A. Life insurance (including retirement products)
Life insurance typically provides a cash sum on the death of an individual (i.e. the insured person) or on him/her becoming incapacitated in consequence of an injury or sickness. Some of the major types of life insurance are summarized as follows:
A "Term Life" policy pays a lump sum (also called "death benefit") only upon the death of the policyholder/the insured person. It does not provide any dividends or savings, but pure protection against death. Term policies are of a fixed duration, for example 10 or 20 years. If no claim is made, the policy will expire at the end of the term.
A "Whole Life" policy pays a lump sum upon the death of the policyholder/the insured person or at the termination of the policy. It usually covers a longer and unfixed duration (usually up to age of 100 of the policyholder/the insured person) as long as the premiums are paid. Premiums for a whole life policy are usually fixed based on the age of the insured person when the policy is issued and they do not increase as time passes. Unlike a term life policy which may expire without paying out, a whole life policy would always pay out eventually. Hence, the premiums for a whole life policy are typically much higher than those of a term life policy. Some whole life polices (known as “participating policies” or “with-profits policies”) provide dividends to policyholders, for the insurance company will share its excess profits with the policyholders. Premiums for such participating policies are typically higher than those of non-participating policies
An "Endowment" policy pays out a lump sum after a specific term (usually 5, 10 or 20 years) or if earlier, upon the death of the policy holder / the insured person. It is designed to provide the policyholder savings for future living, as well as a life insurance protection.
An annuity is typically used for retirement planning which helps policyholders accumulate savings for getting a steady income after retirement or over a long term in future. A policyholder pays premiums to an insurance company, who in turn provides the policyholder with a regular payment for a period specified in the contract after a designated period of time or when the policyholder reaches a certain age.
Qualifying Deferred Annuity Policy
A deferred annuity is one type of annuities. The policyholder pays premiums regularly over a period of time (i.e. the accumulation phase), in return he will receive regular income for a period of time in future (i.e. the annuitization phase).
To promote voluntary retirement savings, the Government of Hong Kong in 2019 introduced tax reliefs in respect to certain deferred annuities that are certified by the Insurance Authority as Qualifying Deferred Annuity Policies (QDAP).

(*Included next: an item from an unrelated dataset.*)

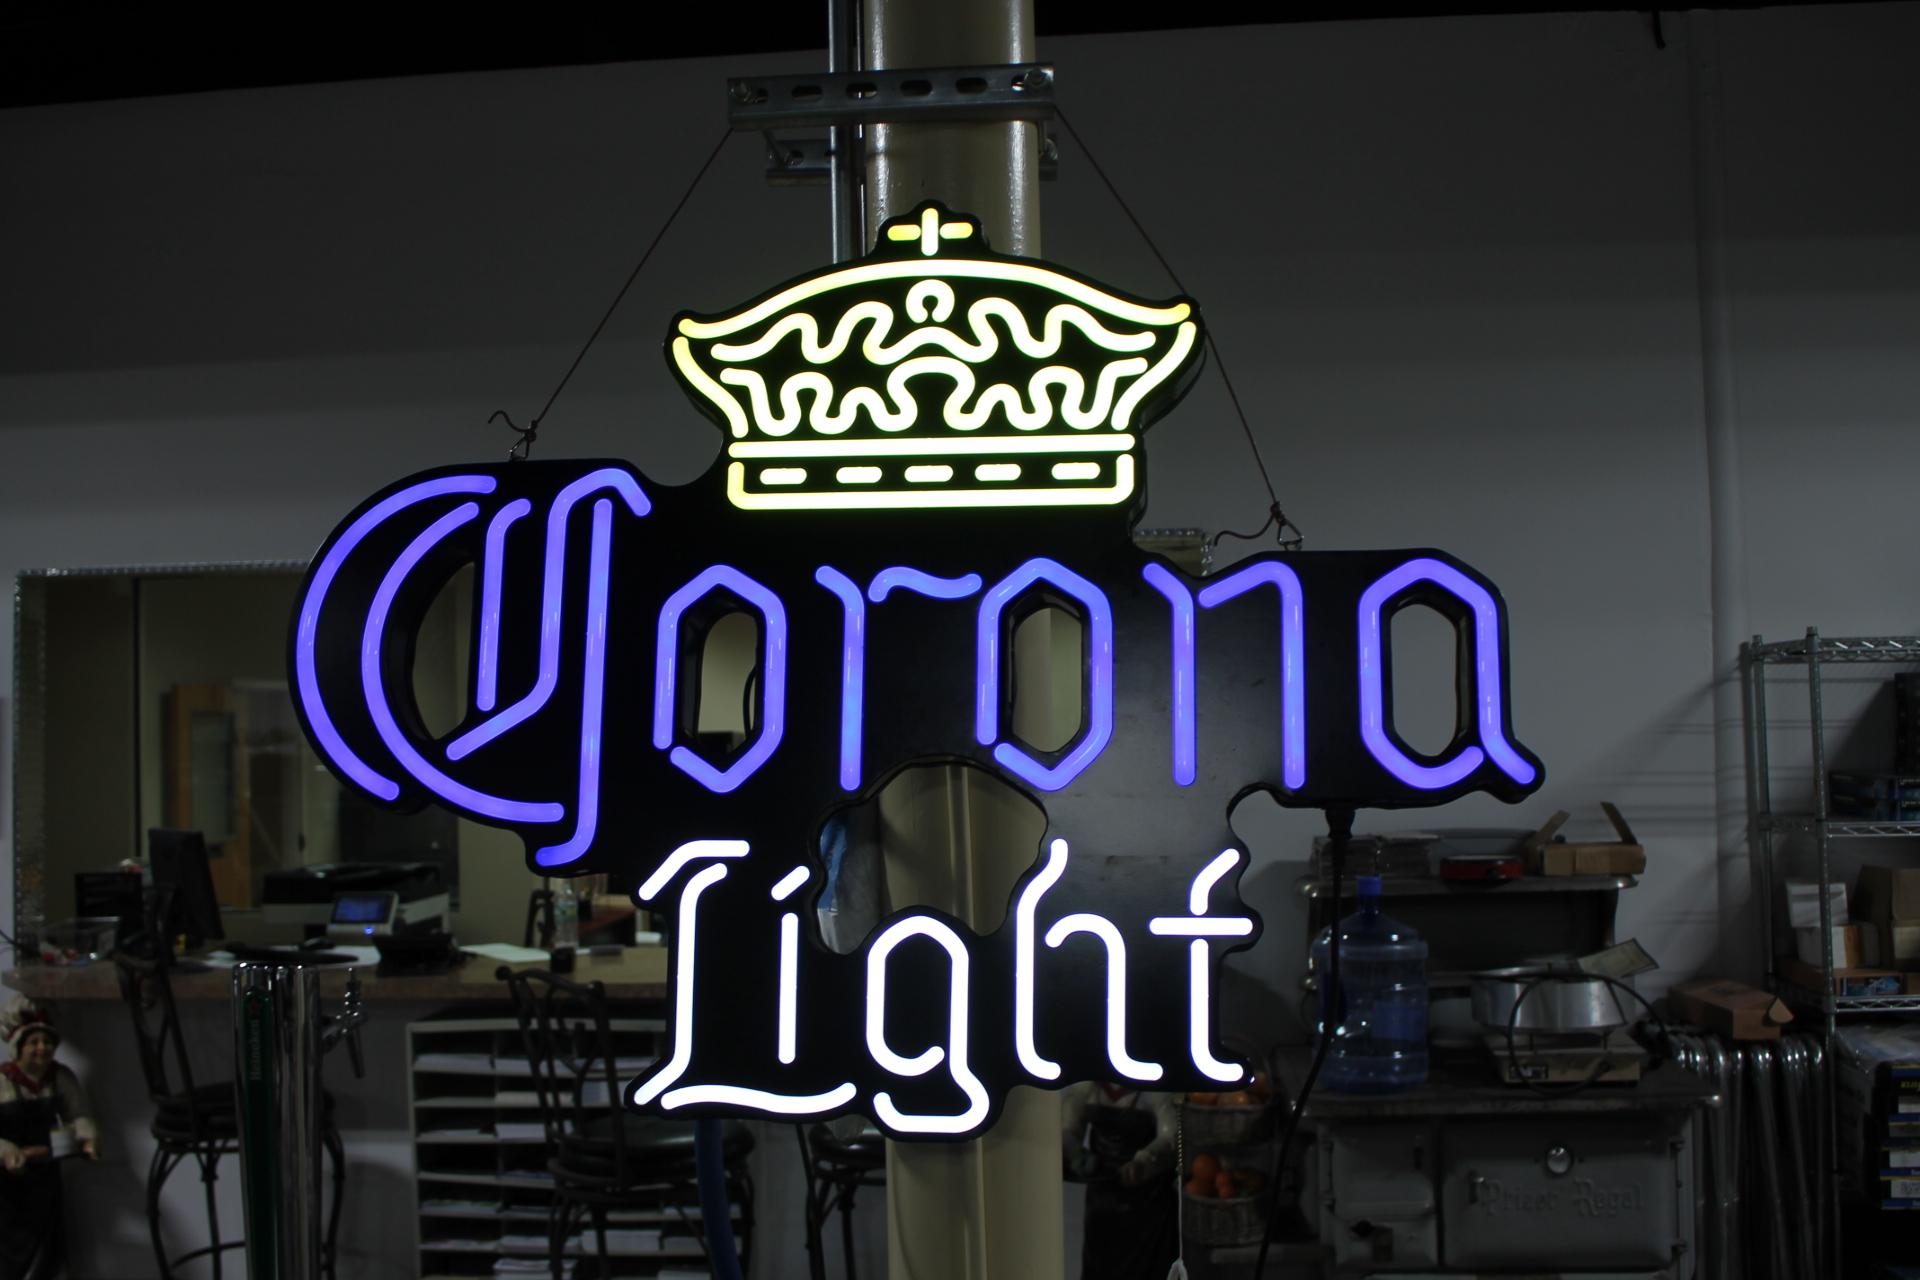 Corona Light Lrg Neon Sign

The policyholder (as taxpayer) of a QDAP can claim for potential tax deductions on premiums paid up to HKD60,000 per tax assessment year.
Investment-linked assurance schemes
An investment-linked assurance scheme (ILAS) is a life insurance policy issued by an insurance company which provides the policyholder with life insurance cover plus investment options (usually funds). Its policy value is determined by reference to the performance of the “underlying or reference funds”. While the policyholders have the ownership of the life insurance policy, the underlying assets (normally the underlying or reference funds) are owned by the insurance company.
Mandatory Providential Fund Schemes (“MPF”)
Following the implementation of the MPF (an employment-based retirement protection system) on 1 December 2000 , both employers and employees should know more about their rights and obligations relating to MPF schemes.